The best of Francis has been some of the best of the Jesuits, specifically their founder, Saint Ignatius Loyola, and his insistence on rigorous examination of conscience and his Spiritual Exercises and his rules for discerning when the Spirit of God is at work in you — and for distinguishing the difference between that and the spirit of Satan. In his homilies, time and again, Pope Francis seems a spiritual director to the world in this tradition, using Scripture as a guide to prod the conscience and help with real encounter with Christ so that those of us who profess to be Christian are living lives more conformed to the cross.

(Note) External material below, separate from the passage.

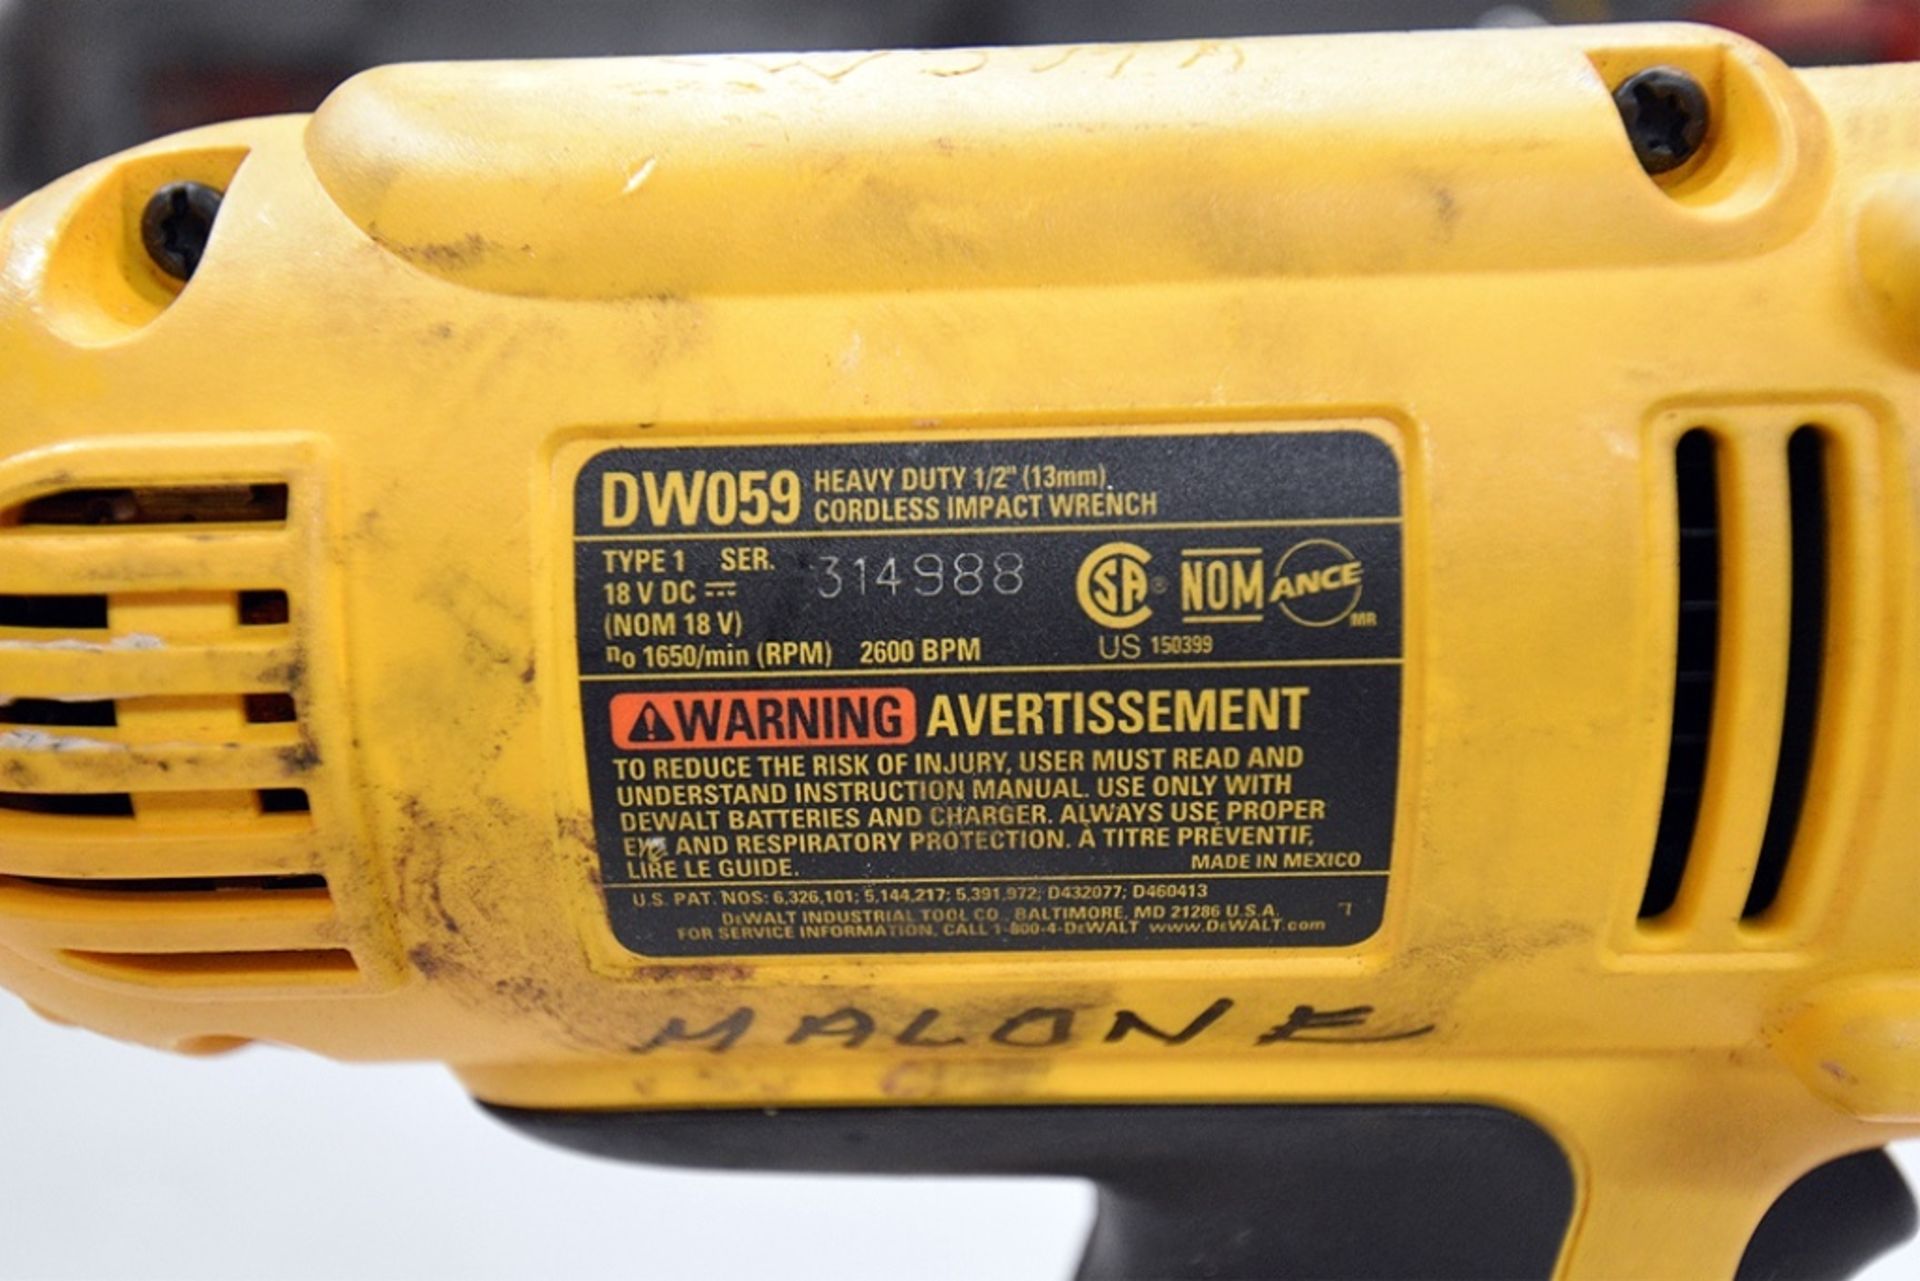 DeWalt DW059 HD 1/2" Cordless Impact Wrench 18v w/ (1) Battery - Image 4 of 4

The color red — the color of martyrdom and the color of Christ’s blood shed for mankind — is what jumped out at me while I was reading Michael Brendan Dougherty’s case against Francis. I don’t know if Pope Francis is a man of heroic virtue, but I know he’s made me beg for that miracle in my own life. As I write, it’s the memorial of Saint Ignatius of Antioch, ordained a bishop by Saint Peter himself, who desired martyrdom. I don’t know if Pope Francis desires to be a martyr, but I wonder if he isn’t, at times, modeling a kind of martyrdom. When he does those interviews with Eugenio Scalfari, is he modeling the understanding that even hardened atheists in the final season of life are not beyond a possible encounter with Divine Mercy? I don’t know. But I know that after my initial frustration with his giving interviews to someone who doesn’t take notes, he’s made me take a look at people differently.
There is a mess before us, needless to say, in the Church. And it makes me think of the Chesterton quote about what’s wrong with the world. It’s me. Each one of us who profess to be Christian needs to be more radically converted. Pope Francis didn’t start the fires that divide the Catholic Church. Under Francis, they are out in the open more, at the highest levels. There is certainly sunlight that is being shone on things that have been previously in the dark. And in my time watching him and praying with him, I can’t help but wonder if he may just trust the Holy Spirit more than the rest of us to sort it out.
I don’t know if he does, but he’s certainly gotten me to try.
— Kathryn Jean Lopez is senior fellow at the National Review Institute and editor at large of National Review.